● Data:
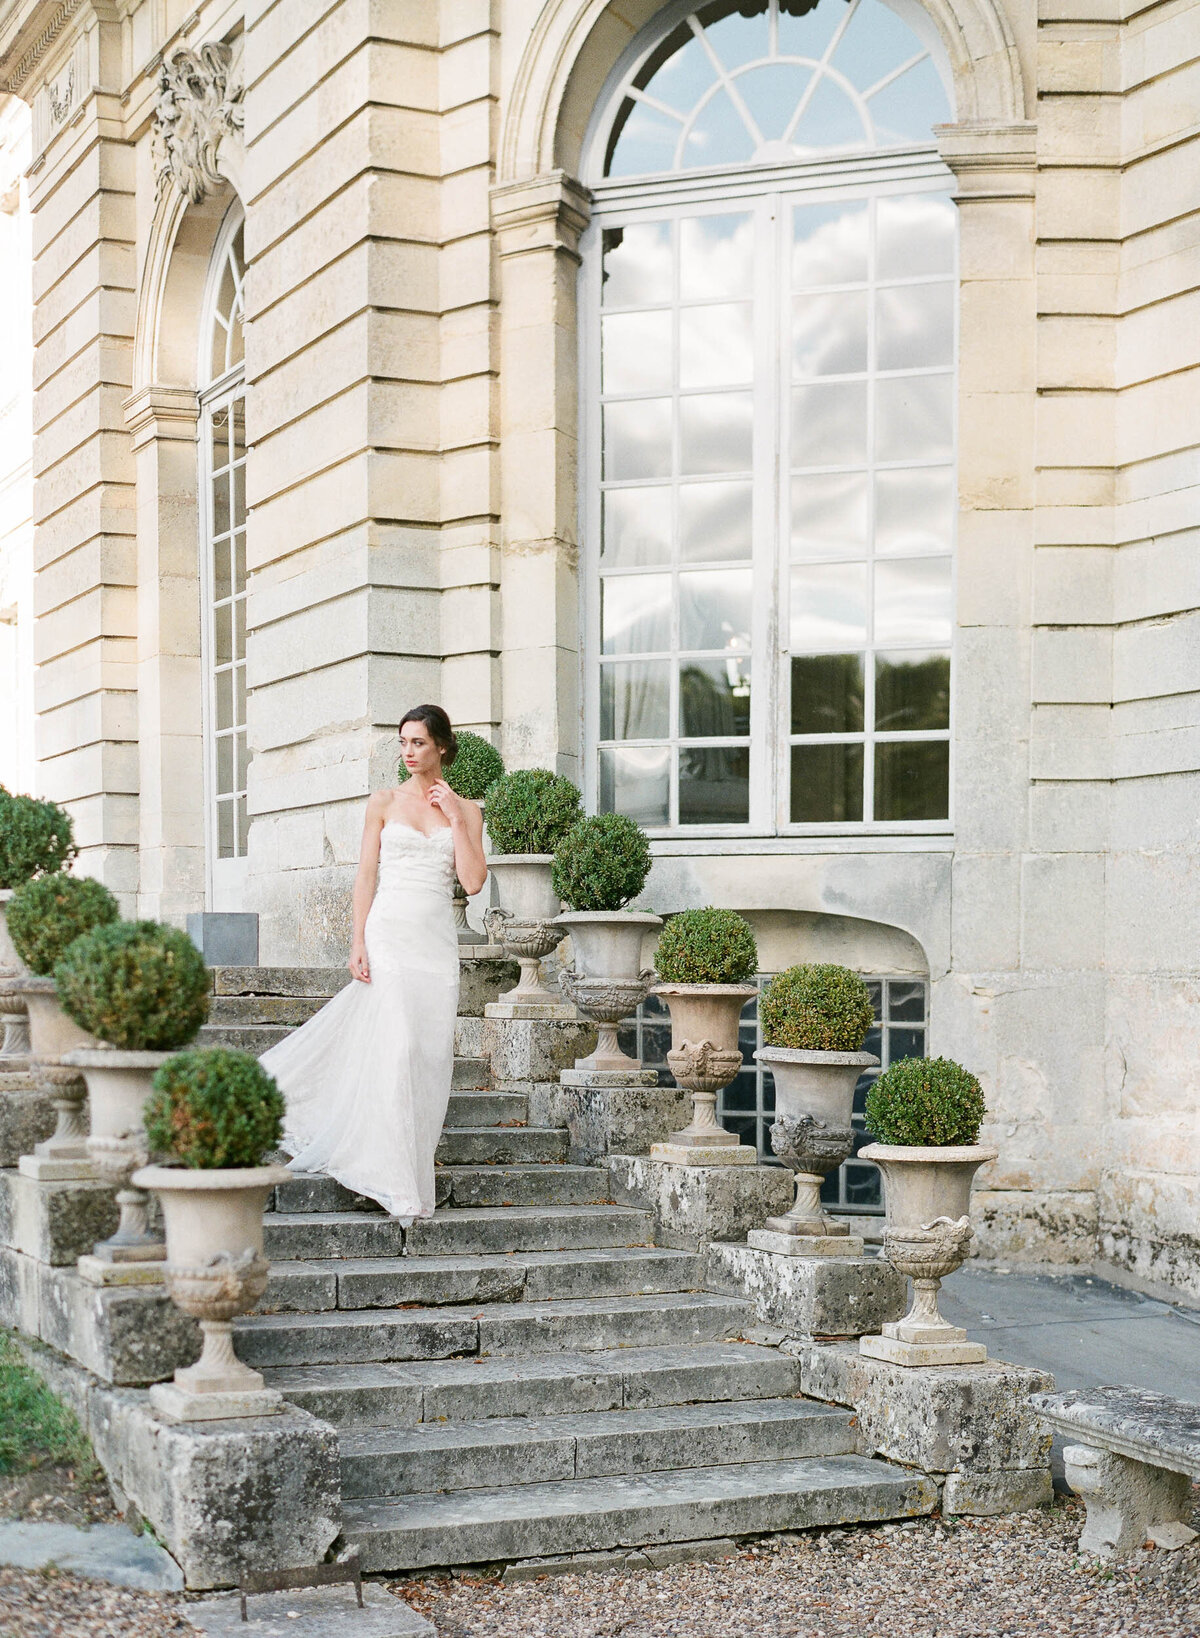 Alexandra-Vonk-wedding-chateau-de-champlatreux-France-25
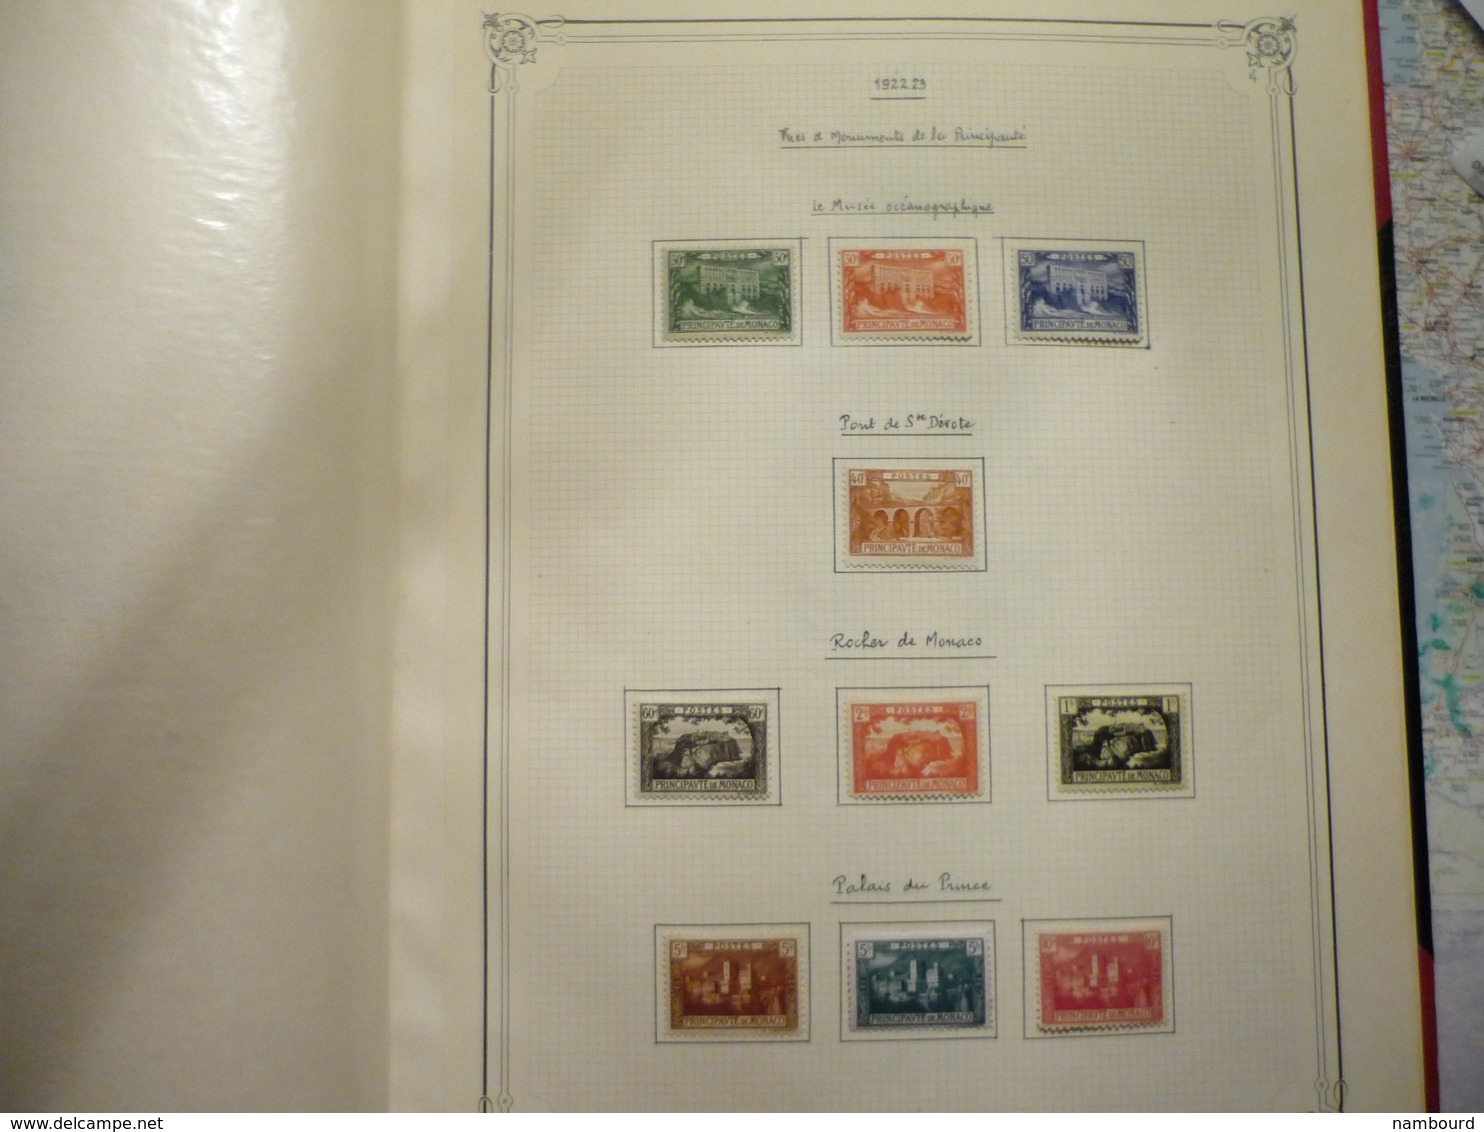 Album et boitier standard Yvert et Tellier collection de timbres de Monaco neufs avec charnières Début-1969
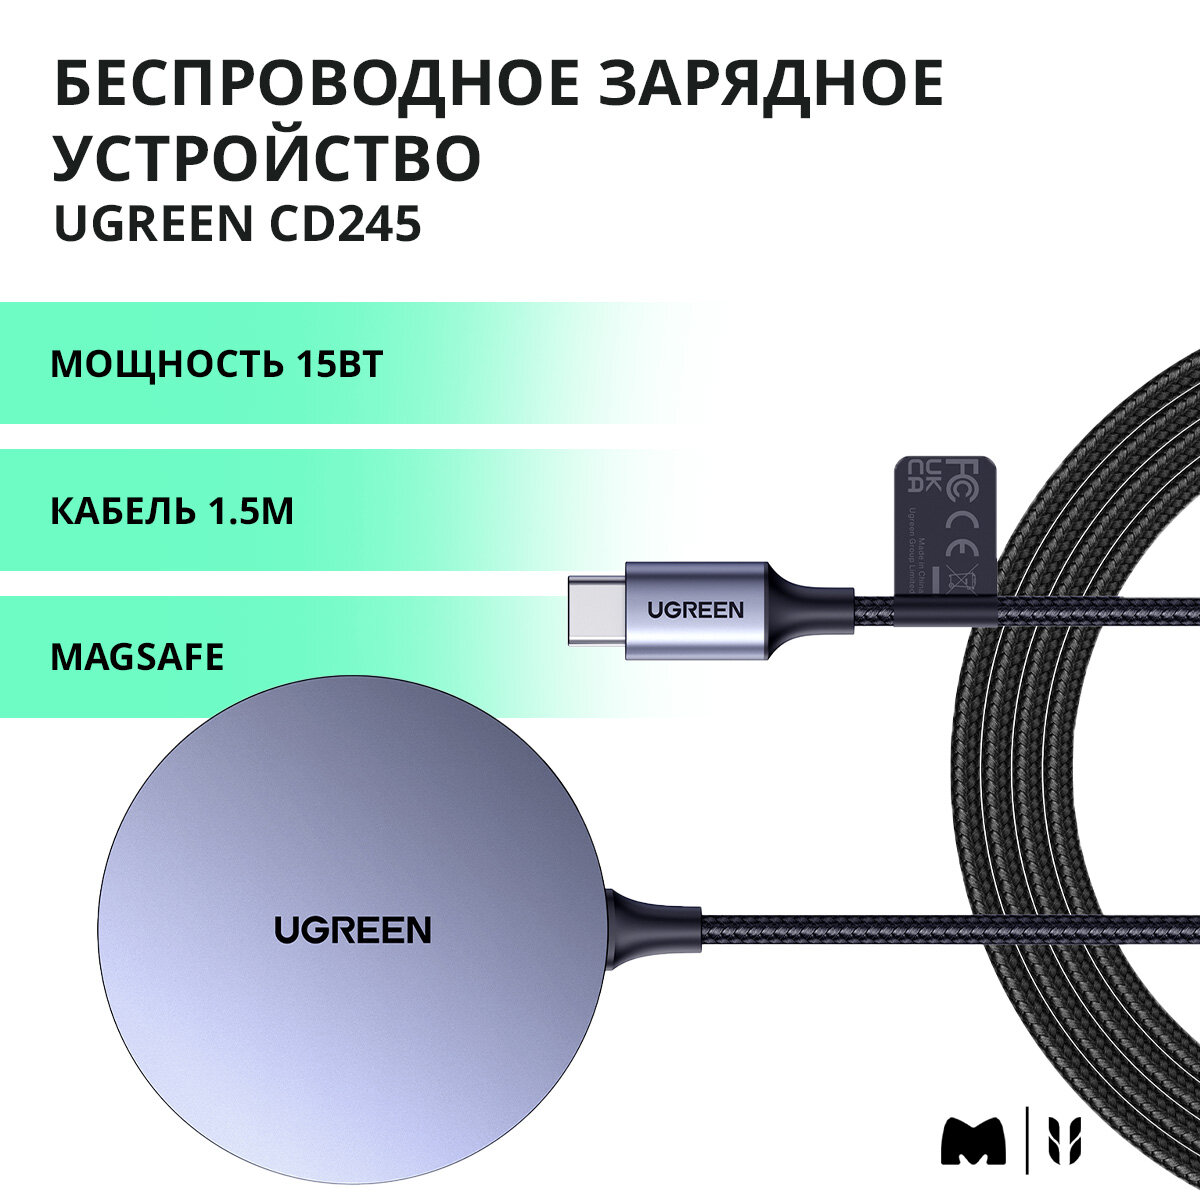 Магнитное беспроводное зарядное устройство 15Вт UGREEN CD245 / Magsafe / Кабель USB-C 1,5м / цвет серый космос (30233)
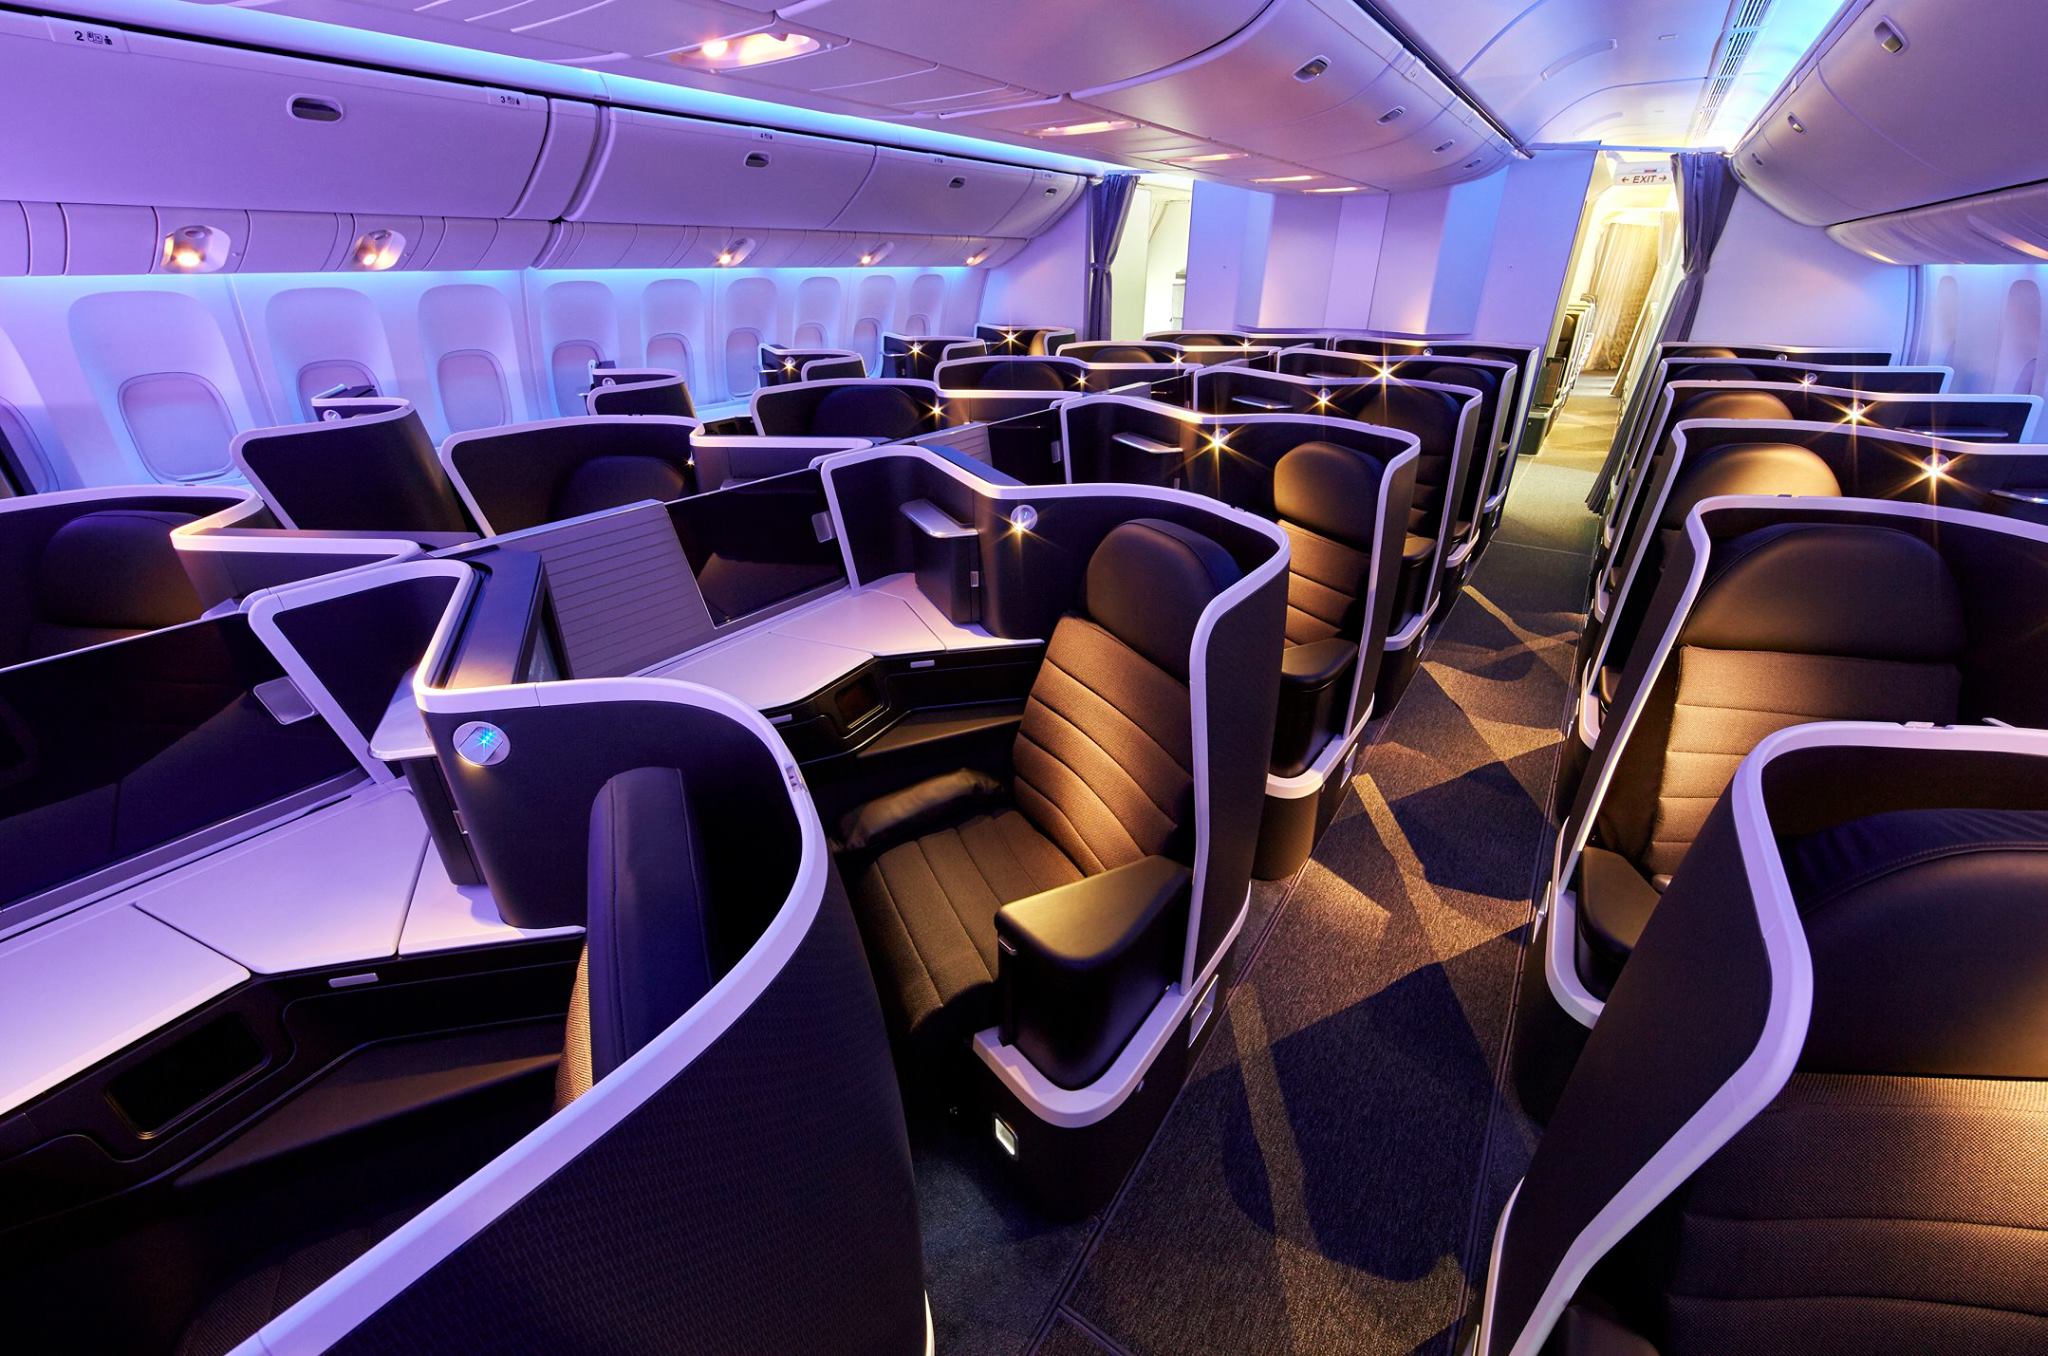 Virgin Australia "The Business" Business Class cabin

● Task instructions: Transcribe the listing above verbatim. Omit the pictures.

● Written answer:
 Alexandra-Vonk-wedding-chateau-de-champlatreux-France-25
 Album et boitier standard Yvert et Tellier collection de timbres de Monaco neufs avec charnières Début-1969
 Магнитное беспроводное зарядное устройство 15Вт UGREEN CD245 / Magsafe / Кабель USB-C 1,5м / цвет серый космос (30233)
 Virgin Australia "The Business" Business Class cabin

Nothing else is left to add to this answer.